In the study of discrete-time signals and systems, concepts from linear algebra often provide additional insight. When it comes to LTI systems, a certain area of linear algebra is particularly helpful: eigenanalysis.
Eigenvectors and eigenvalues
Given a square matrix (one that has the same number of rows as columns) $A$, a vector $v$ is an eigenvector with corresponding scaler eigenvalue $\lambda$ if: $Av=\lambda v$There is a geometric interpretation to this eigenanalysis of the matrix $A$. Multiplying a matrix by one of its eigenvectors produces simply a scaled version of that same eigenvector (scaled by a factor of $\lambda$), so a matrix multiplication of an eigenvector does not change its orientation, only its strength.Consider this example in two dimensions, a square matrix $A$: $A=\begin{bmatrix}3&1 \\ 1&3\end{bmatrix}$ and the vector $v$:$v=\begin{bmatrix}1 \\-1\end{bmatrix}$ Note what happens when we multiply the matrix $A$ by the vector $v$:$\begin{align*} Av&=\begin{bmatrix}3&1 \\ 1&3 \end{bmatrix}\begin{bmatrix}1 \\ -1\end{bmatrix}\\&=\begin{bmatrix}(3-1) \\ (1-3)\end{bmatrix}\\&=\begin{bmatrix}2 \\ -2\end{bmatrix}\\&=2\begin{bmatrix}1 \\ -1\end{bmatrix}\\&=2v \end{align*}$So running the vector $v$ through the matrix $A$ simply scales the vector by 2.

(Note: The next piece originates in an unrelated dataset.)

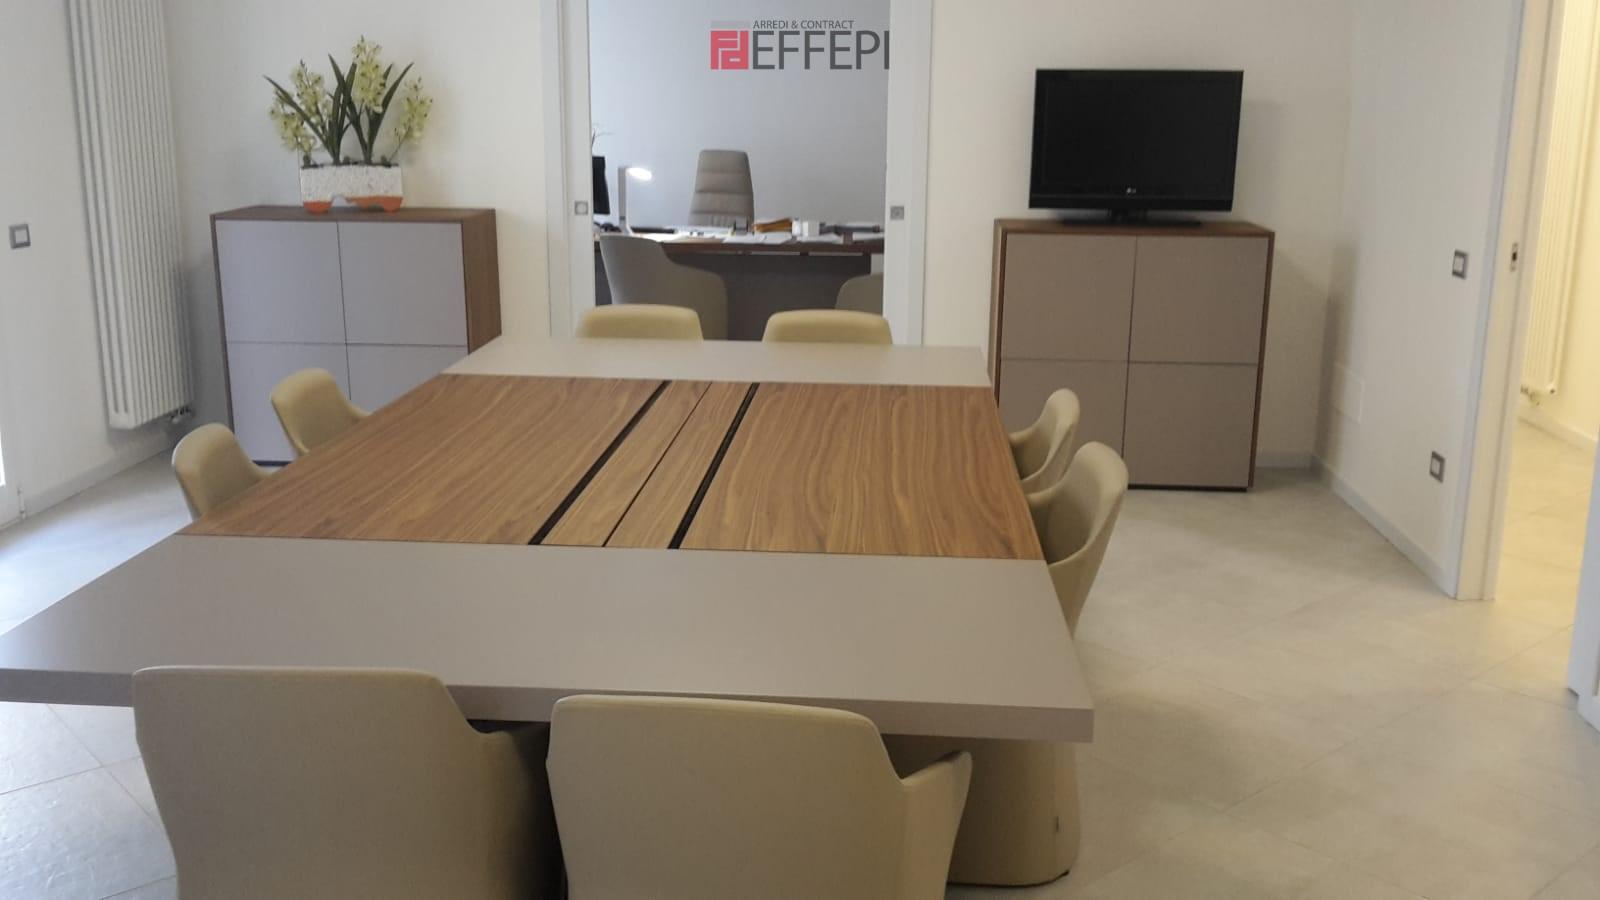 Fornitura Arredi Ufficio.Fornitura Arredi Studio Tributario Effepi Arredi

Eigendecomposition: handling multiple eigenvectors and eigenvalues
So we have seen what an eigvenvectors and eigenvalues are for square matrices. Now, an $N\times N$ matrix will have $N$ eigenvectors (not necessarily distinct), each with its own eigenvalue. We can put all of these vectors and values into their own matrices. Suppose the eigenvectors of the matrix are $\{v_m\}_{m=0}^{N-1}$ and the values are $\{\lambda_m\}_{m=0}^{N-1}$. Then we can organize all of them like this: $V= \begin{bmatrix}v_0 | v_1 | \cdots | v_{N-1} \end{bmatrix}$$\Lambda = \begin{bmatrix}\lambda_0 \\&\lambda_1 \\&&\ddots \\&&&\lambda_{N-1} \end{bmatrix} $With those vectors and values collected like that, we can express the eigenvector/value property $Av=\lambda v$ for all of the eigenvectors and eigvenvalues of the matrix $A$ at once: $AV=V\Lambda$
Diagonalization
Now, if the square matrix $V$ is invertible (which will be the case if the columns of $A$ are linearly independent, which of course will happen if the vectors happen to form a basis), then we can do some special things with it.Recall the eigendecomposition relationship: $AV=V\Lambda$If $V$ is invertible, then we can multiply each side of the equation by $V^{-1}$: $V^{-1}AV=V^{-1}V\Lambda=I\Lambda=\Lambda$So $V^{-1}AV=\Lambda$. Because multiplying $A$ by $V$ on one side and $V^{-1}$ on the other produces a diagonal matrix, we say that the matrix $V$ diagonalizes $A$. If we multiply the eigendecomposition matrix the other way, we will have that $A=V\Lambda V^{-1}$. One of the reasons (more of which we'll see later) why we consider this diagonalization of $A$ is that it is easier to matrix multiply with diagonal matrices than full ones.